Les objectifs de la stabilisation biologique avant enfouissement (réduction du potentiel méthanogène, de la quantité et de la qualité des émissions liquides, de la masse de déchet à enfouir) sont différents de ceux du compostage ou de la méthanisation des déchets organiques qui visent à produire un compost stable biologiquement et valorisable en agriculture. Malgré tout, la confusion entre compostage d’ordures ménagères et PTB avant enfouissement est courante. Sans doute parce que les industriels se sont largement inspirés des procédés de compostage existants.

Il est possible de distinguer 3 types de procédés aérobies : les procédés statiques (en andain ou en containeur sans retournement), les procédés semi-dynamiques (en andain, en containeur ou en hall avec retournement automatique) et les procédés dynamiques (en tunnel rotatif fermé ou en phase liquide) (IFAS, 2006). Les procédés anaérobies peuvent quant à eux être classés selon s’ils sont destinés à traiter l’intégralité ou une partie du flux de déchet, par voie humide ou par voie sèche ou suivant le nombre d’étapes du procédé. Dans tous les cas, la fermentation anaérobie des déchets est suivie d’un traitement aérobie.
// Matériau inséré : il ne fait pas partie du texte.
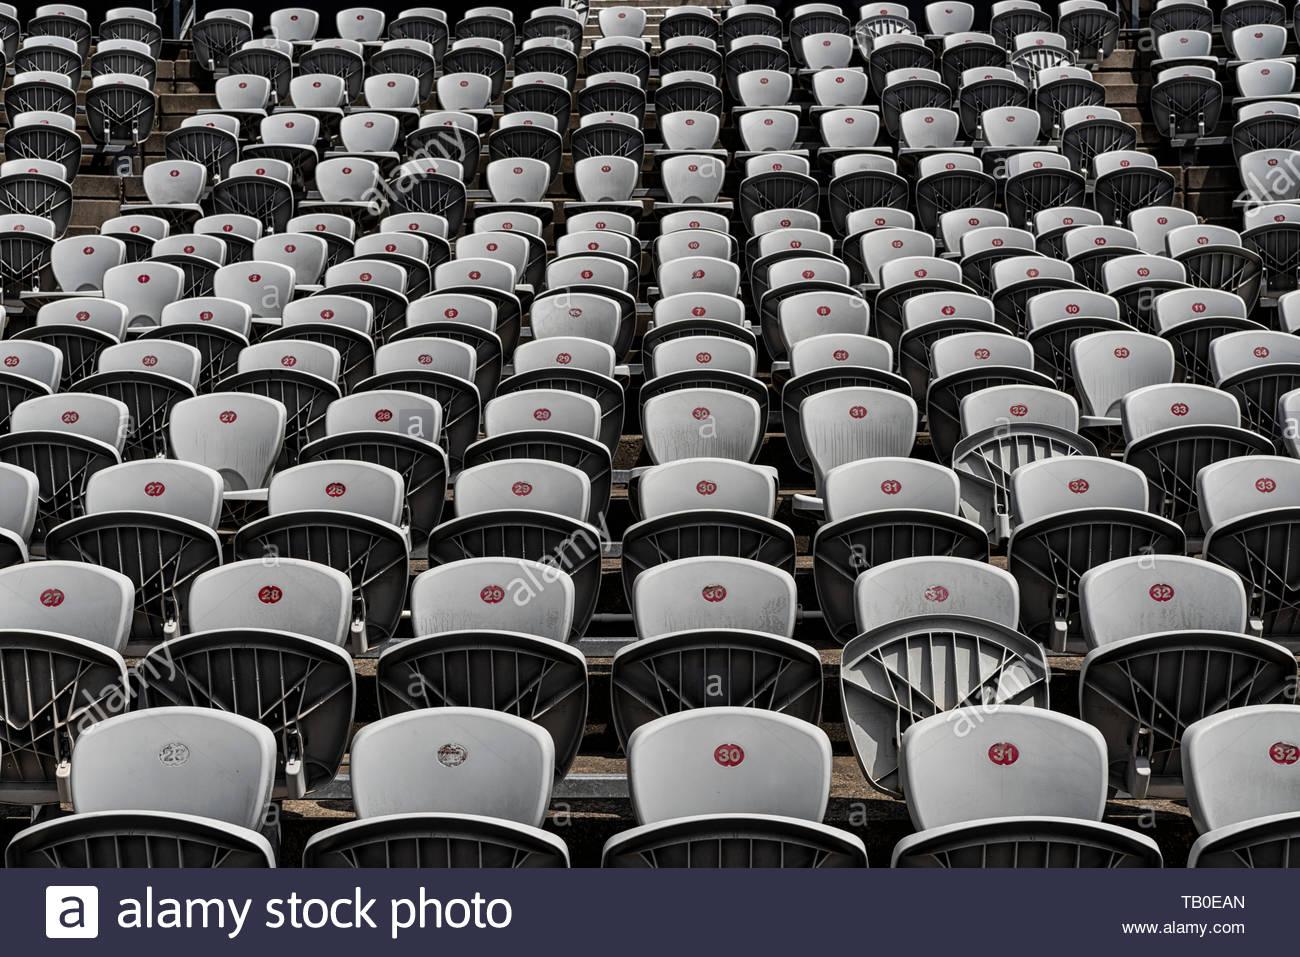 Empty rows of stadium seating Stock Photo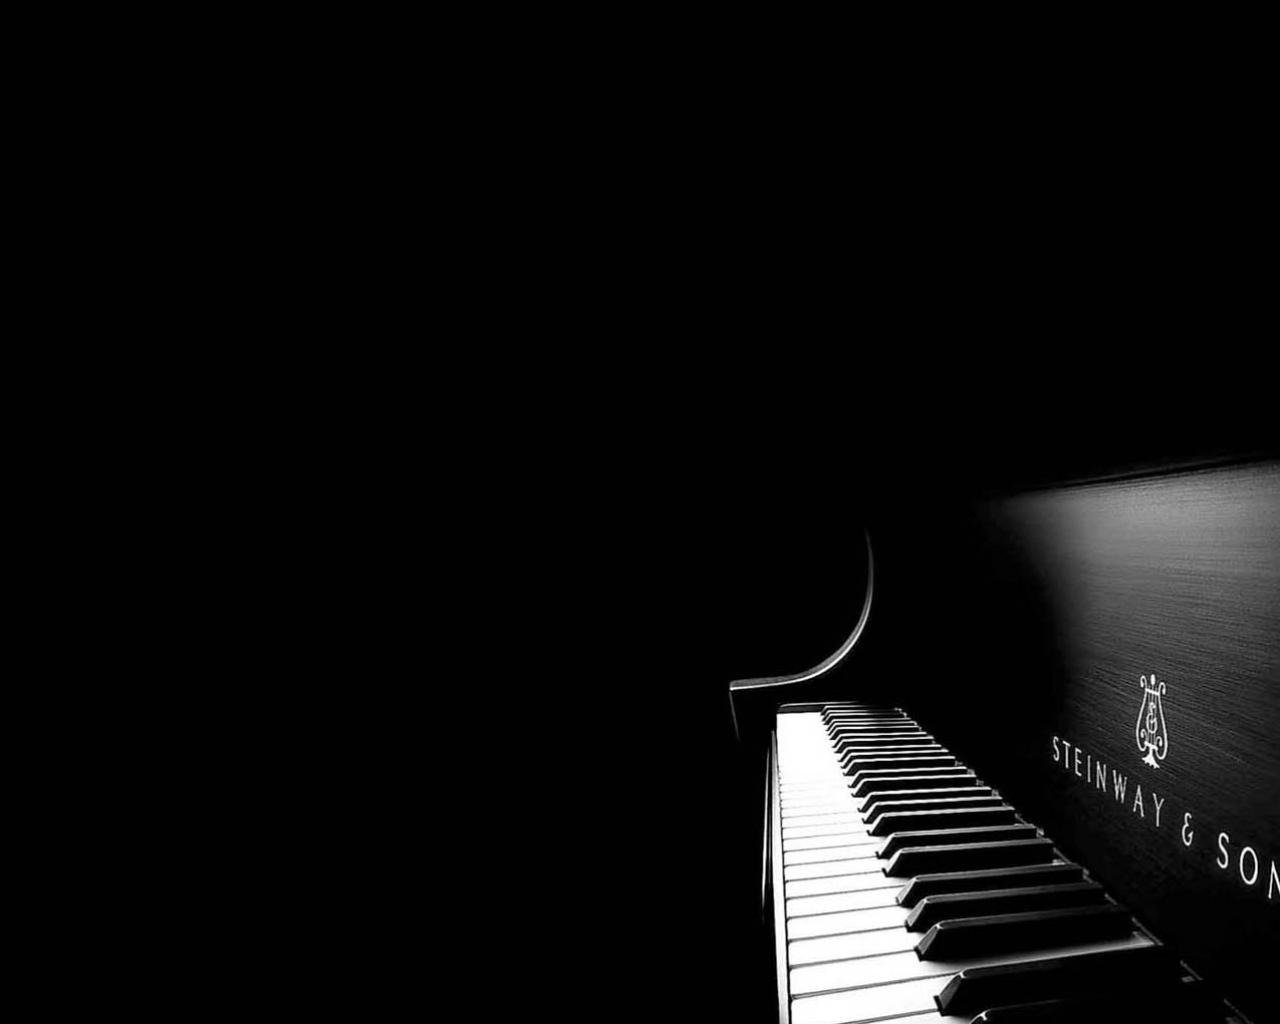 черно белые фотографии:

Nombreuses sont les études qui ont montré la réduction de la charge organique des lixiviats et de la production de biogaz des déchets prétraités une fois enfouis (Leikam et al., 1995 ; Rieger et al., 1995 ; Höring et al., 1999 ; Raninger et al., 1999 ; Zach et al., 1999 ; Soyez et al., 2002 ; Robinson et al., 2005 ). La perte de masse humide durant le traitement biologique, déterminante quant à la réduction des tonnages destinés à la décharge, peut atteindre 20 à 47 % selon le procédé, le type de déchet et la durée de traitement (Leikam et al., 1997 ; Von Felde et al., 1997 ; Scheelhaase, 2001 ; Adani et al., 2004). Suivant le degré de traitement mécanique et notamment la granulométrie du produit stabilisé, des densités de placement allant jusqu’à 1,43 t.m-3 ont pu être obtenues (Schulte et al., 2006), permettant ainsi d’augmenter encore le gain de place (vide de fouille) en décharge.
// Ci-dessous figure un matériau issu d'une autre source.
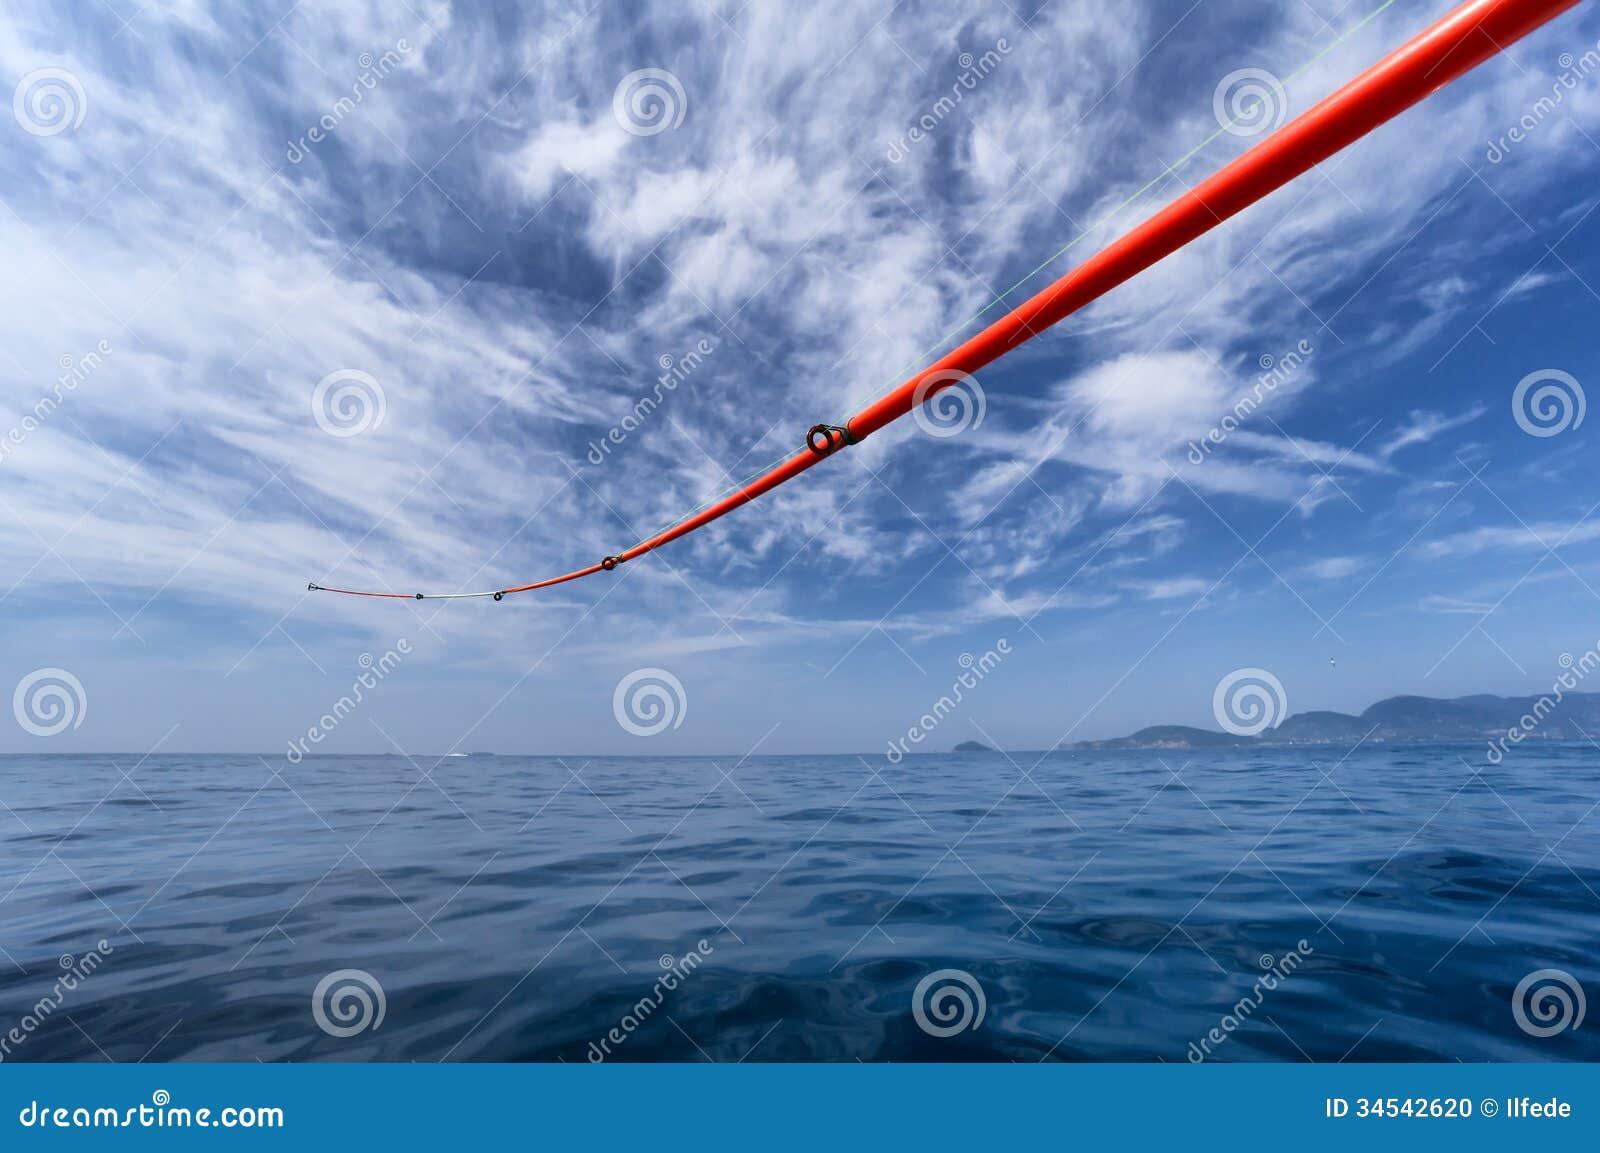 Canna da pesca contro il mare ed il cielo

Il est cependant important de noter la particularité de la filière de prétraitement biologique de type allemand (ou autrichien). En France, à défaut d’une réglementation qui impose des critères très stricts d’acceptabilité en décharge, une alternative de PTB moins poussé, effectué sur l’ensemble du flux de déchet est possible (à l’image de l’unité de Lorient, mise en service en 2005 pour le traitement de 57000 tonnes de déchets ménagers résiduels). Les résultats des très nombreuses études allemandes sont donc à interpréter en tenant compte de ces particularités qui modifient la qualité du déchet stabilisé en sortie (composition, stabilité biologique et caractéristiques mécaniques), les bilans matière de la filière, les performances des traitements, etc.

Les études disponibles, en particulier dans la littérature allemande, définissent parfaitement le concept tel qu’il a été imaginé dans le contexte allemand, mais ne permettent pas de répondre à toutes les incertitudes relatives aux performances techniques et environnementales qui peuvent exister, en particulier, dans le contexte français. L’impact d’un traitement biologique moins poussé sur le comportement du déchet en conditions de stockage ou l’influence du traitement de l’intégralité du flux de déchet sur les performances du prétraitement, sur les émissions associées et sur la mise en

décharge des déchets prétraités sont des questions auxquelles il est nécessaire de répondre. De plus, les études au sujet des impacts environnementaux de la filière PTB manquent afin de pouvoir comparer sur des bases communes (même gisement de déchet) et dans leur intégralité (de la réception du déchet à la phase de stockage) le PTB avant enfouissement aux autres filières de stockage.